O meczu pomiędzy Minlanem a Salernitaną można powiedzieć, iż było to widowisko, które nie można określić ani jako sensację, ani nawet jako niewielką niespodziankę. Milan zdominował rozgrywkę i wygrał mecz z wynikiem 2:0 (2:0). Dwa gole zostały strzelone przez takich zawodników Milanu, jak: Frank Kessi oraz Alexis Saelemaekers. Biorąc pod uwagę przebieg spotkania, beniaminek śmiało może uznać wynik spotkania za łagodny. Gracze Milanu zadedykowali zwycięstwo Simonowi Kjaerowi. Gracz po odniesionej w środę kontuzji, nie będzie już mieć okazji, by pojawić się na boisku w obecnym sezonie.
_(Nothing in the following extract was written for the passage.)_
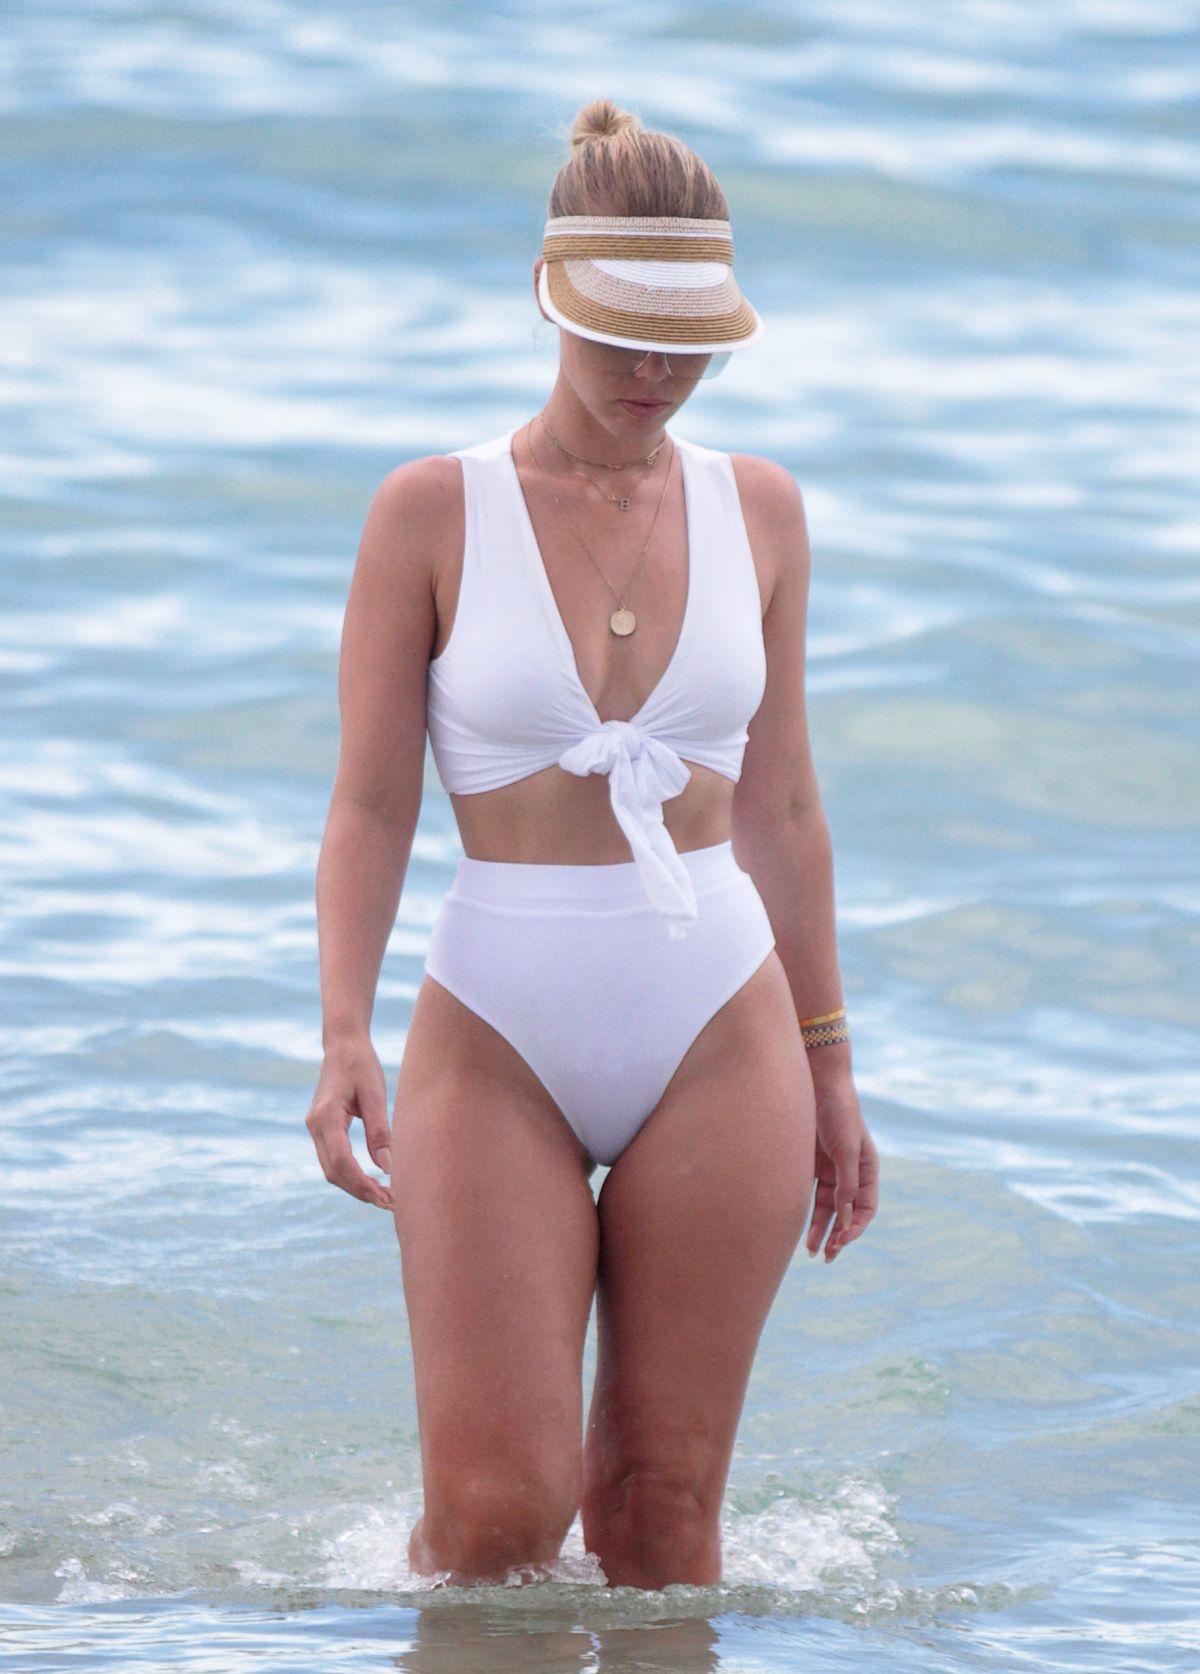 Lily Moulton in White Bikini on the beach in Miami Pic 28 of 35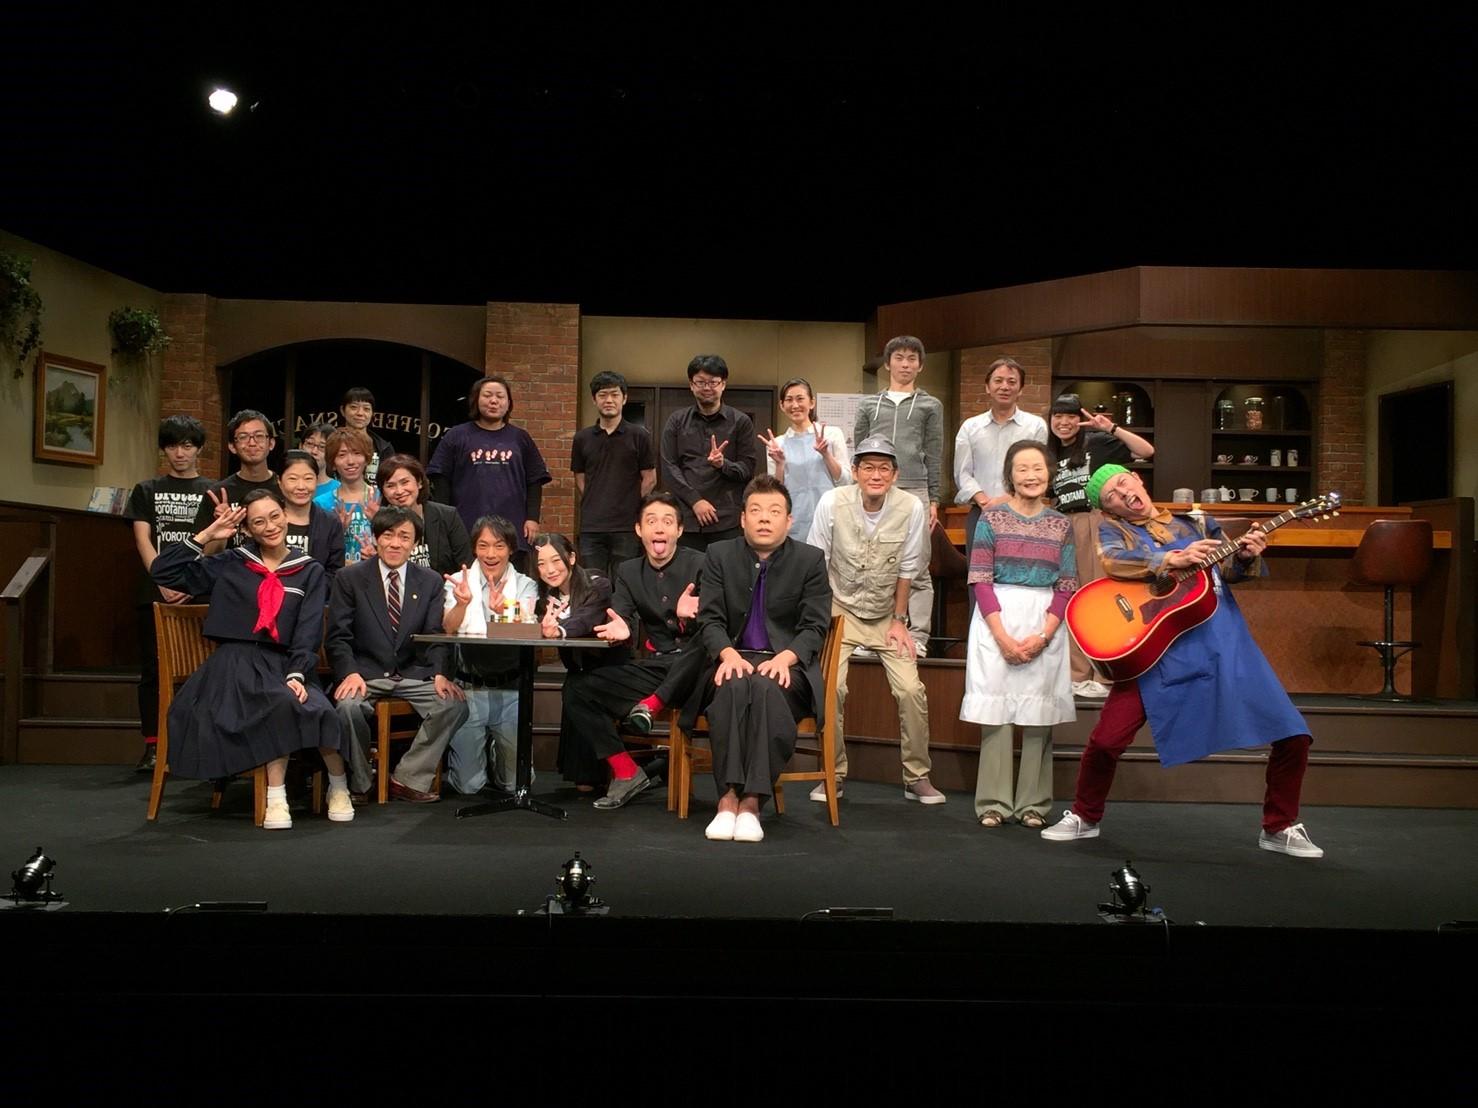 第24回公演『硝子の途(再演)』スタッフさんも一緒に1 東池袋・あうるすぽっと

Pierwsza połowa meczu – to było widowisko
Mecz rozpoczął się zgodnie z przewidywaniami. Już w piątej minucie Rafael Leao przeprowadził widowiskową akcję lewym skrzydłem. W rozegraniu tym wyłożył piłkę Franckowi Kessiemu, który bez wahania oddał strzał z pola karnego i zapewnił rossonerim prowadzenie. Wkrótce potem na skutek kontuzji mięśniowej boisko musiał opuścić Pietro Pellegri. Niestety Włoch debiut w wyjściowym składzie mediolańczyków nie zapamięta zbyt pozytywnie.
W 18. minucie miał miejsce akcja z głównym udziałem Alexisa Saelemaekersa, w której Belg zdobył pierwszego gola w obecnym sezonie. Alexis schodząc z prawego skrzydła na lewą nogę oddał uderzenie po dalszym słupku i nie dał możliwości wykazania się Vidowi Belecowi. W kolejnych fragmentach meczu rossoneri ciągle dominowali. Okazje do strzelenia gola zmarnowali m.in. Brahim Diaz czy Rafael Leao. Tak więc pierwsza połowa skończyła się z wynikiem 2:0 i zupełnie nic nie wskazywało na to, aby komplet punktów mógł nie pozostać na San Siro.
Mniej emocjonująca druga połowa
Po zmianie stron boiska wynik nie zmienił się, choć wiele wskazywało na to, że mogło być inaczej. Za efektywność pod bramką rywali mediolańczykom należy się kilka uwag i negatywnych opinii na temat ich skuteczności. Spektakularną okazję zmarnował np. Brahim Diaz, który będąc w sytuacji jeden na jednego z bramkarzem strzelił piłkę obok słupka. Dwukrotną próbę zdobycia bramki podjął również Junior Messias, jednak w obu przypadkach lepszy okazał się golkiper Salernitany. Na samym końcu meczu rossoneri dopisali pewny komplet punktów, a drużyna z Salerno wynik 2:0 może uznać jako najłagodniejszą porażkę.